Several recent victims in Bihar died after being bitten by snakes washed out
of their holes, the state's minister for relief and rehabilitation, Ramvichar
Rai, said Tuesday.
He said rice and corn crops worth $2.1 million had been washed away and that
1.9 million people in Bihar had been affected by the flooding.
This year's rains have been particularly heavy in India, drenching even the
normally parched western part of the country. Some officials have said they fear
India's death toll might top last year's figure of 1,000 by the time the rains
stop, probably in late August or September.
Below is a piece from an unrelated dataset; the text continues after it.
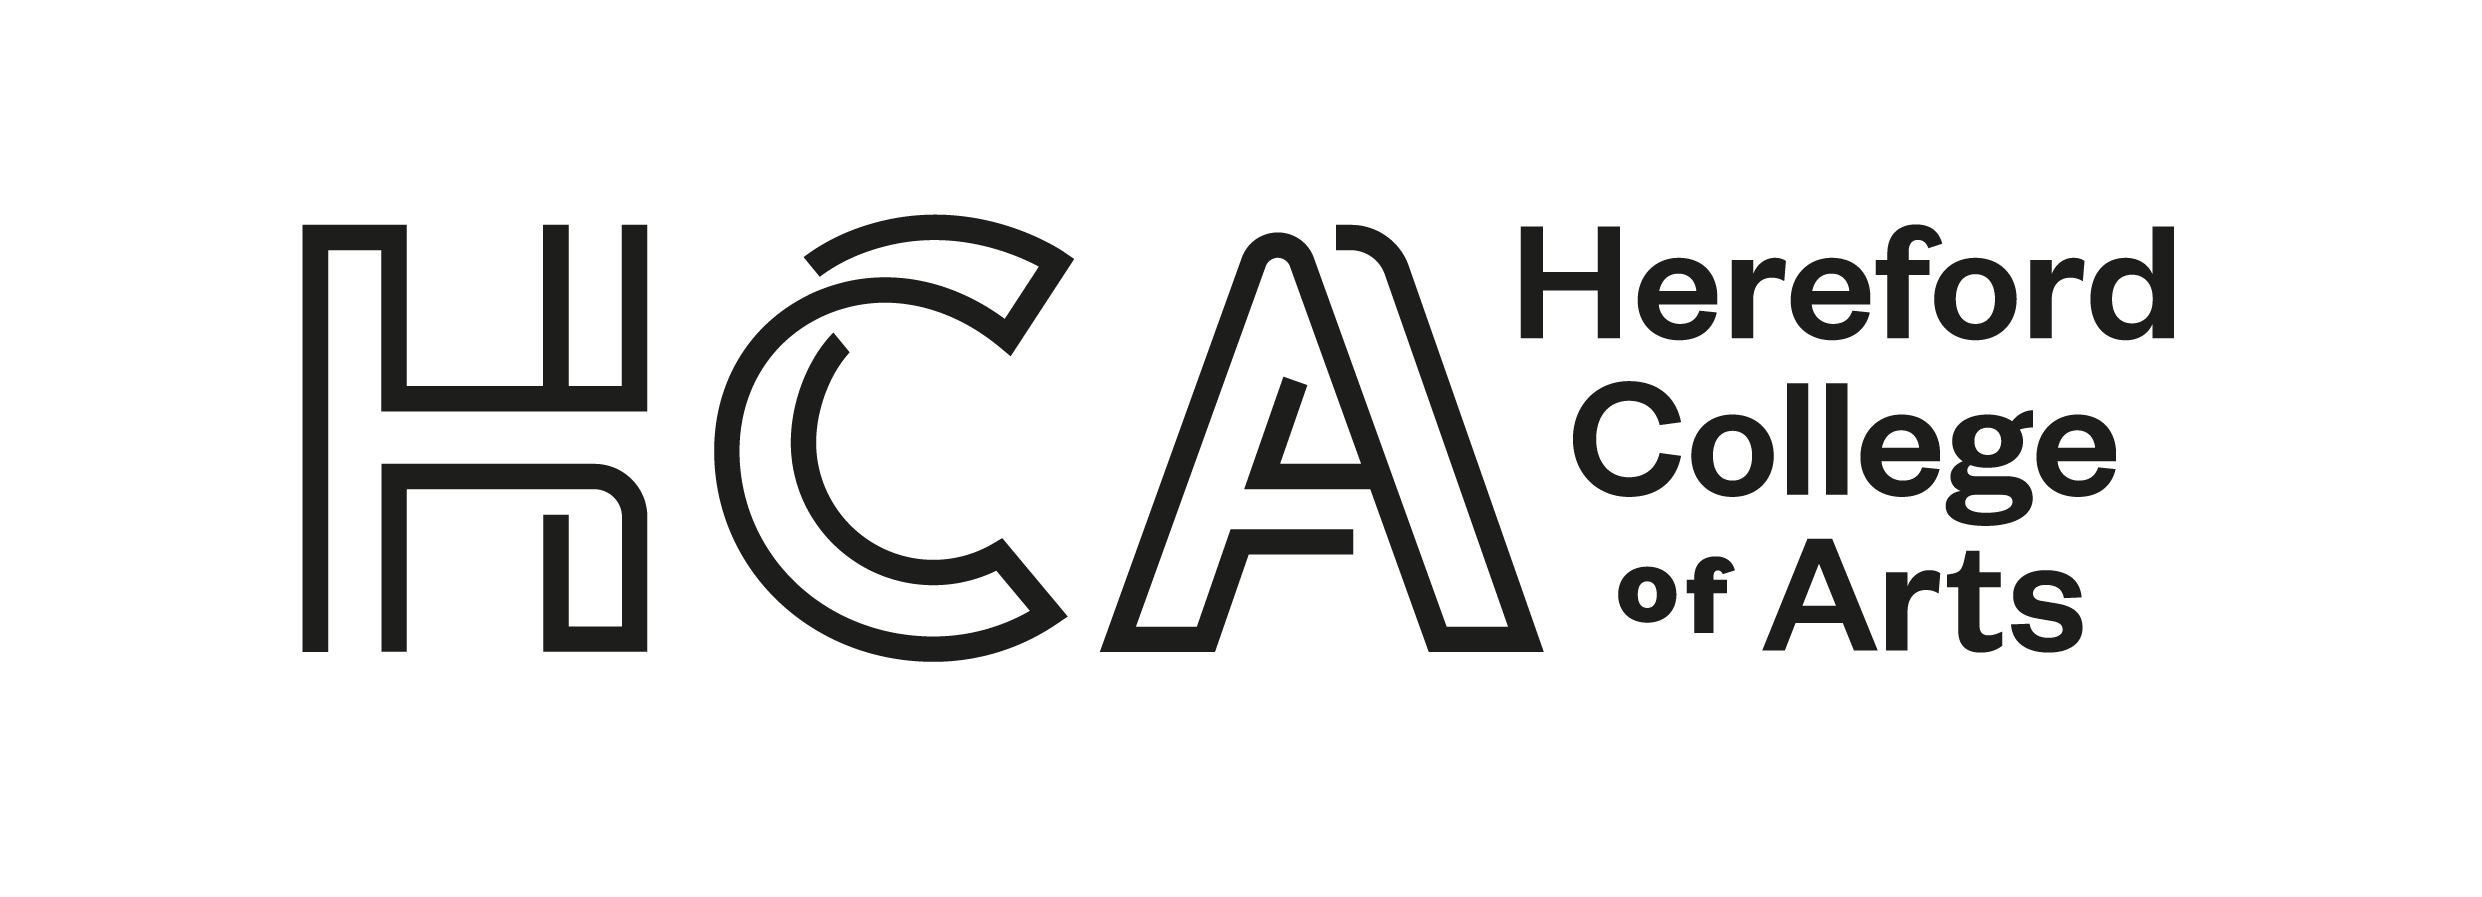 HCA_Logo_FullLogo.png

Among the 14 latest victims in Pakistan were four children who drowned in a
rain-swollen stream, and three others electrocuted when winds toppled power
lines, said Mohammed Amir, a spokesman for the emergency relief group Edhi
Foundation. Troops have been called in to rescue thousands of people marooned by
floods in the country's south.
Rescue workers in southern Pakistan's Badin area moved about 37,000 people to
makeshift relief camps, provincial government relief Mohammed Ahsan said
Tuesday.
An emergency was declared in Badin and two other districts, and the
provincial government set up a relief fund of $800,000 to help thousands of
villagers made homeless by the flooding.
The federal government donated another $800,000, Pakistan's state
television reported Tuesday.
The floods have washed away thousands of homes and crops, including rice
paddies and cotton fields in Pakistan's Sindh province, where both Karachi and
Badin are located. Officials and cotton traders said Tuesday the floods could
cut the province's production of cotton, one of Pakistan's main export items.
The Greek-registered tanker MT Tasman Spirit ran aground Sunday off the
coast of Karachi due to the rains and high monsoon winds. Port operations
weren't affected and there was no major oil spill.